ブラームスの場合、どうしてもクララ・シューマンとの関係性を切り離してその作品を考えるということは不可能。作品51-1の第2楽章ロマンツェに聴く静謐な祈りはどうにもクララへの愛の仄めかしのように聴こえるし、終楽章アレグロのユニゾンで奏される激烈な第1主題は作曲者の鬱積した愛情エネルギーの噴出のように思える。

例によってブラームスはこの作品を幾年もの歳月を使い手塩にかけた。書いては捨て、捨てては書いて、すなわちアウトプットを繰り返すことで結果的に自己鍛錬をしていった。

弦楽四重奏曲の作曲に従事しはじめたのは、1860年代後半に入ってからのことらしい。ただし、その素材は、1859年のスケッチにさかのぼるともいわれている。・・・(中略)・・・ブラームスは、その後もおそらくこの曲を手を加えていったようで、1866年8月17日にバーデン・バーデンの近くのクララの住むリヒテンタールにでかけたおりに、8月のクララの日記に「ハ短調の弦楽四重奏曲がブラームスにより演奏された」とあるように、この曲をピアノで試演してクララにきかせた。
「作曲家別名曲解説ライブラリー⑦ブラームス」(音楽之友社)P205

大作曲家が満を持して発表した作品が悪かろうはずがない。そして、結成間もない70年代のアルバン・ベルク四重奏団の実にきびきびとした険しくも柔らかい響きは、当時のブラームスの想いを見事に反映するようで、後年の円熟の演奏とはまた違った意味で推しの一枚だといえる。
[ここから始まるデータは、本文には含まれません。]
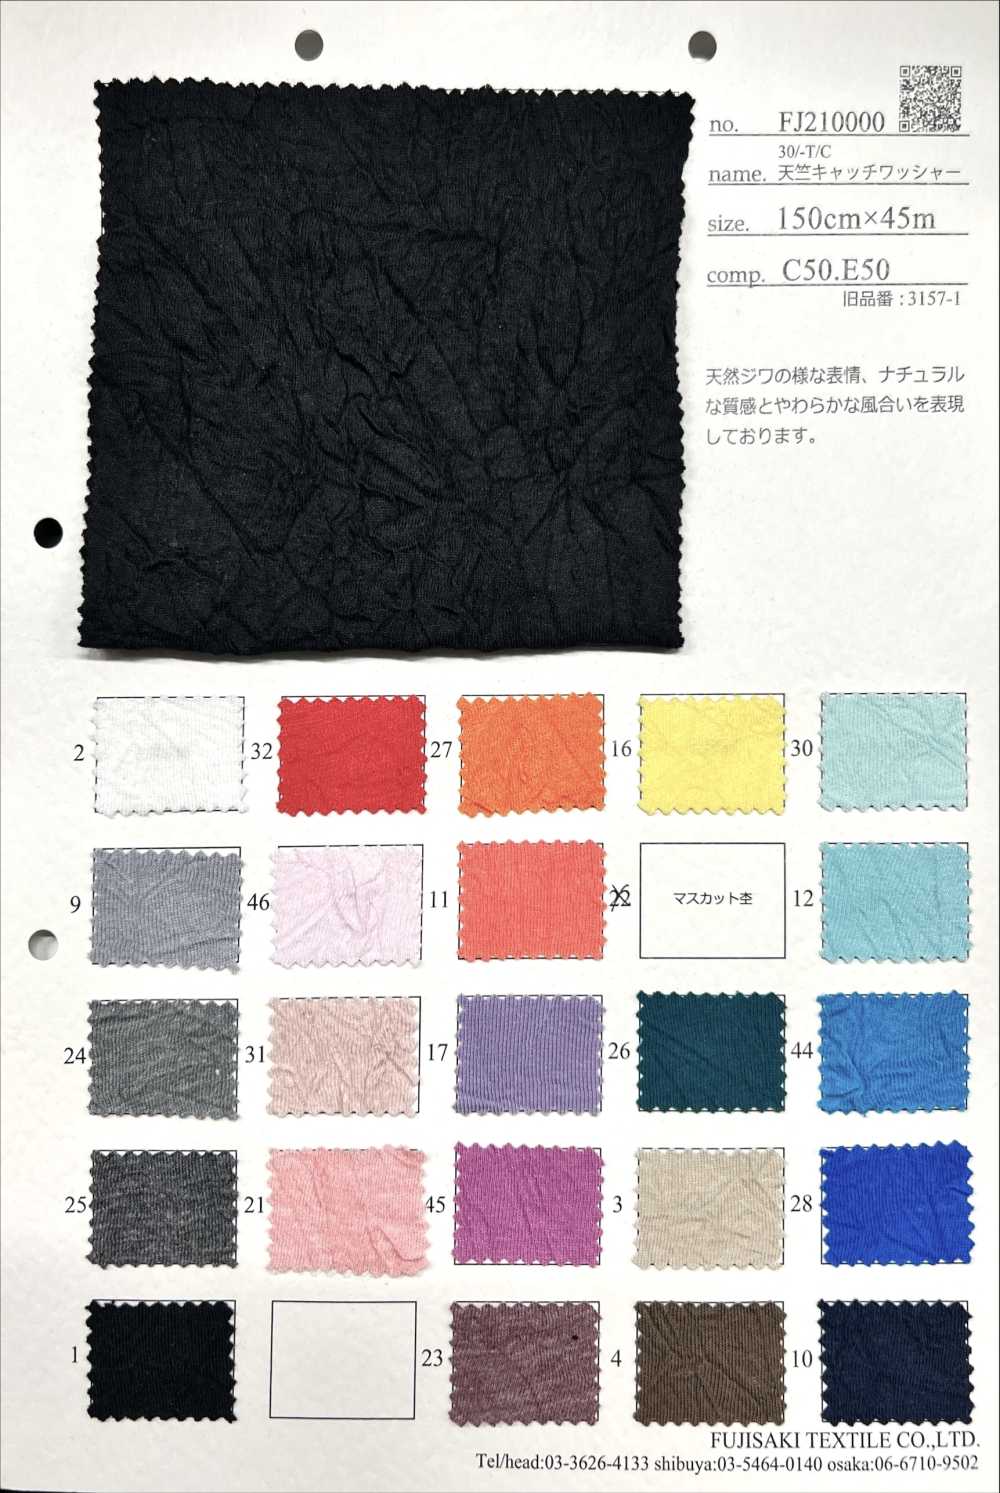 FJ210000 30/-T/C天竺平针织物锁紧水洗加工[面料] Fujisaki Textile

同様に、作品51-2の第2楽章アンダンテ・モデラートに聴く崇高な音楽に、クララへの決して叶えられない愛の悲しみの反響を感じるのは僕だけか。あまりに切ないこの旋律に、当時のブラームスの心境が見事に映し出され、ほとんど「私小説」の如くの音調に満ちる。そして、終楽章アレグロ・ノン・アッサイで見事に解放が起こり、すべてが決然と解決される。